Problem description
Your task is to output the listing word for word, with pictures excluded.

Provided material
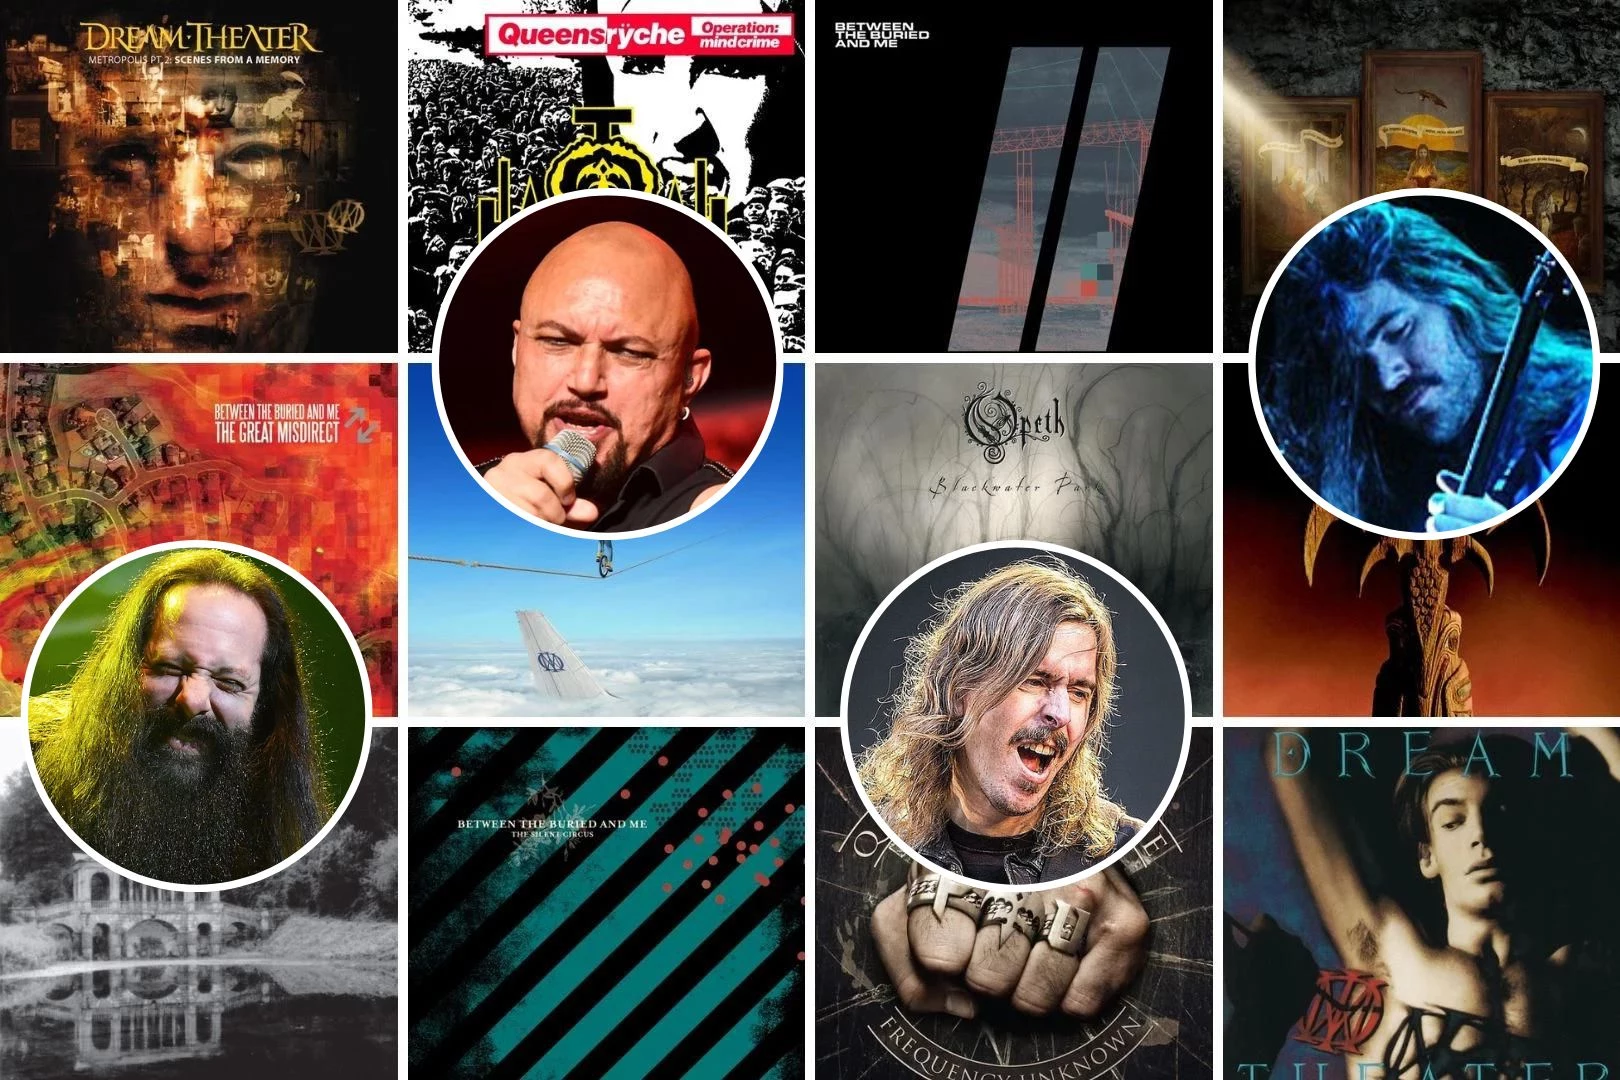 Every 'Big 4' Prog Metal Album Ranked From Worst to Best
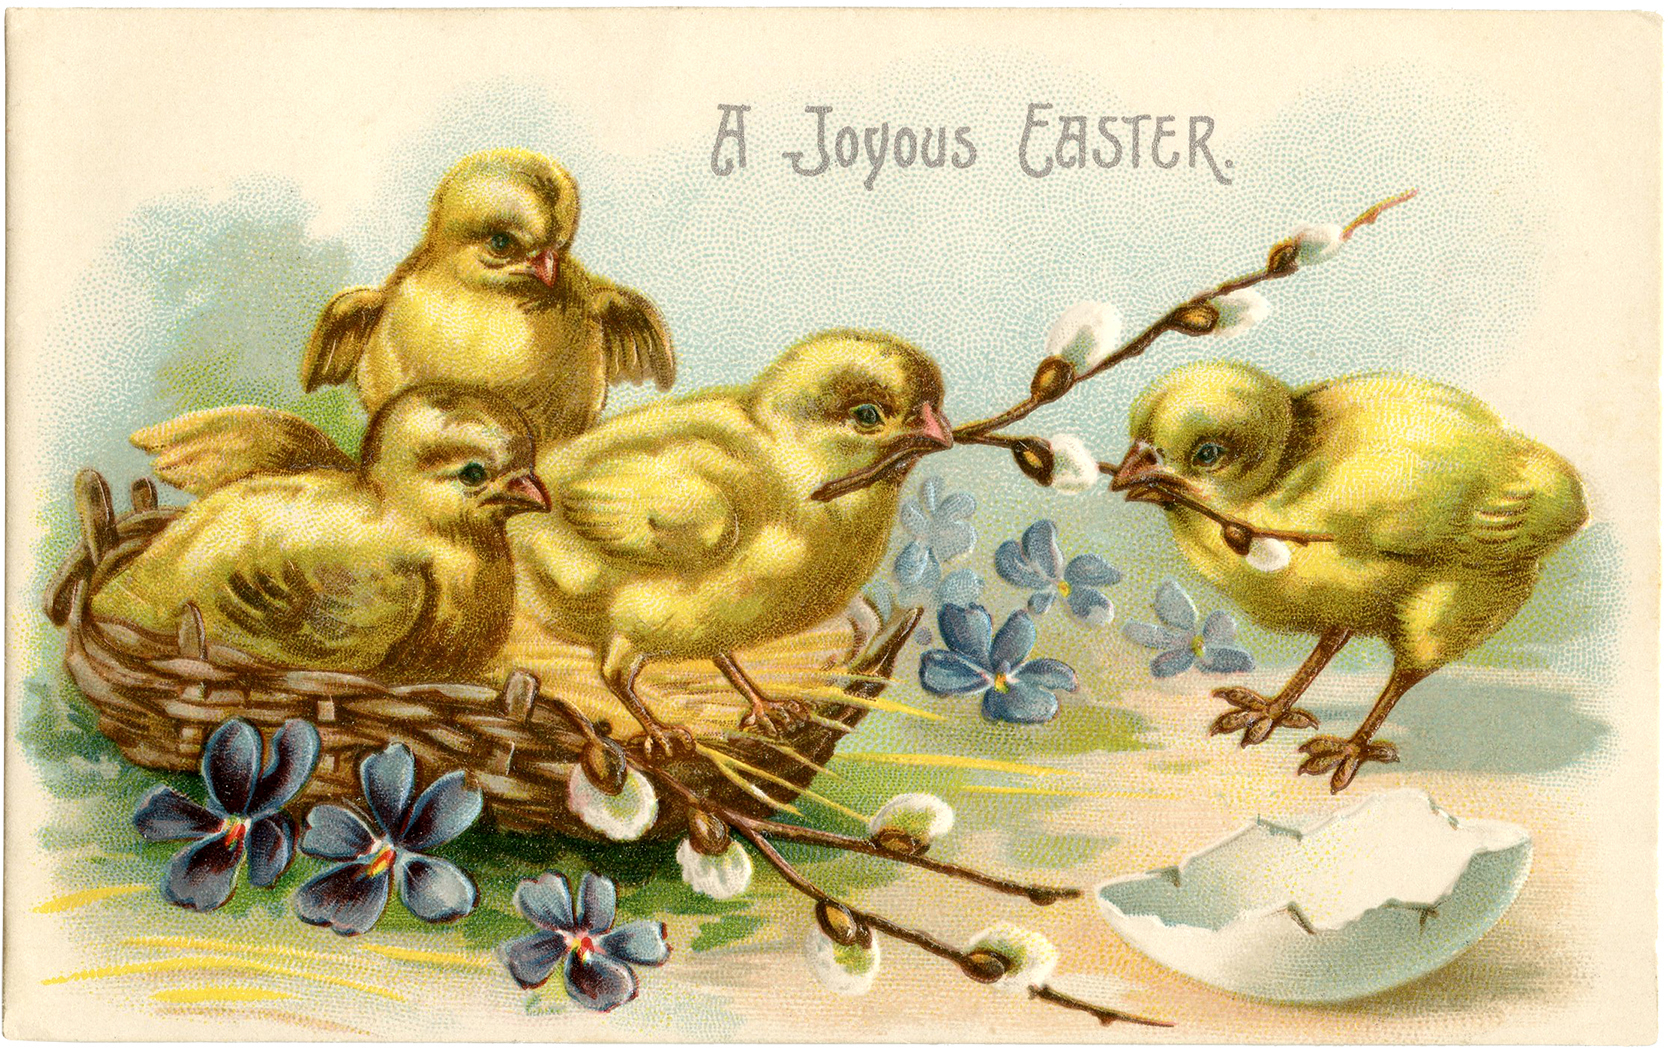 http://thegraphicsfairy.com/wp-content/uploads/2014/04/Easter-Chicks-Graphic-GraphicsFairy.jpg
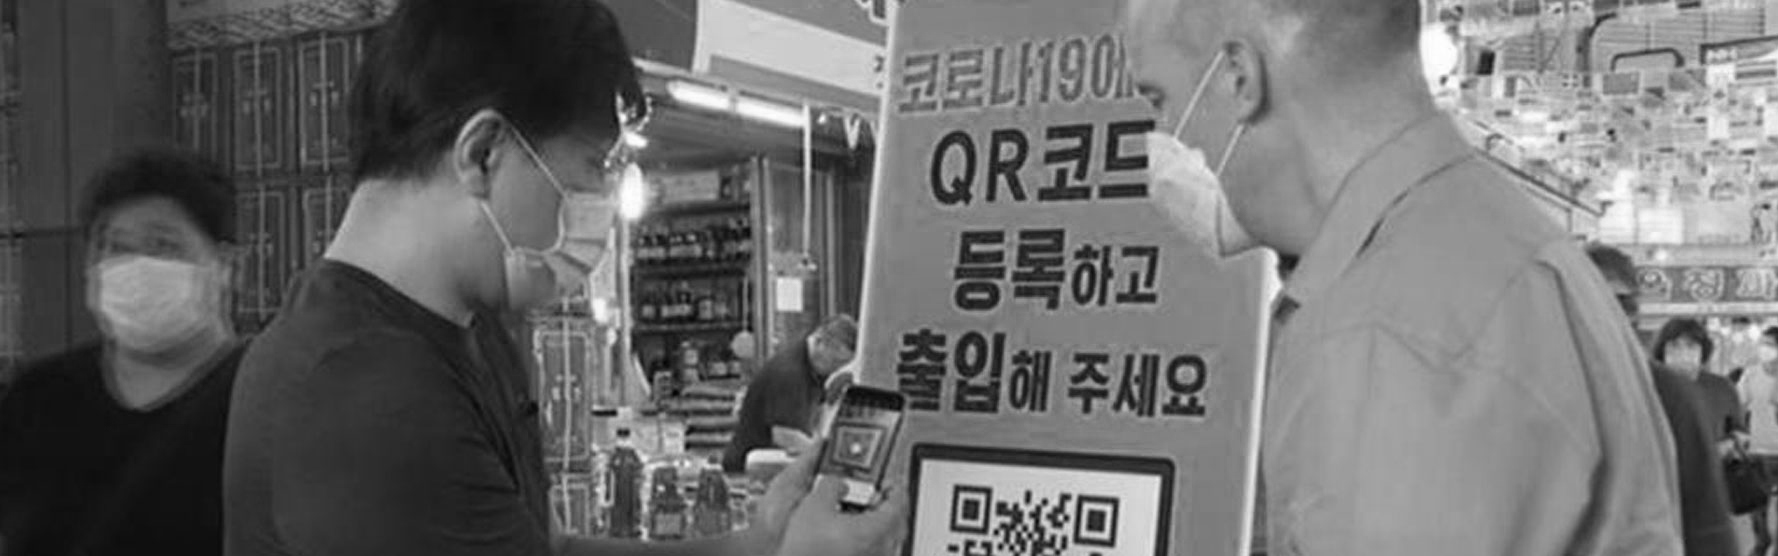 Editor's Choice: South Korea imposes QR log in system

Solution to the exercise
 Every 'Big 4' Prog Metal Album Ranked From Worst to Best
 http://thegraphicsfairy.com/wp-content/uploads/2014/04/Easter-Chicks-Graphic-GraphicsFairy.jpg
 Editor's Choice: South Korea imposes QR log in system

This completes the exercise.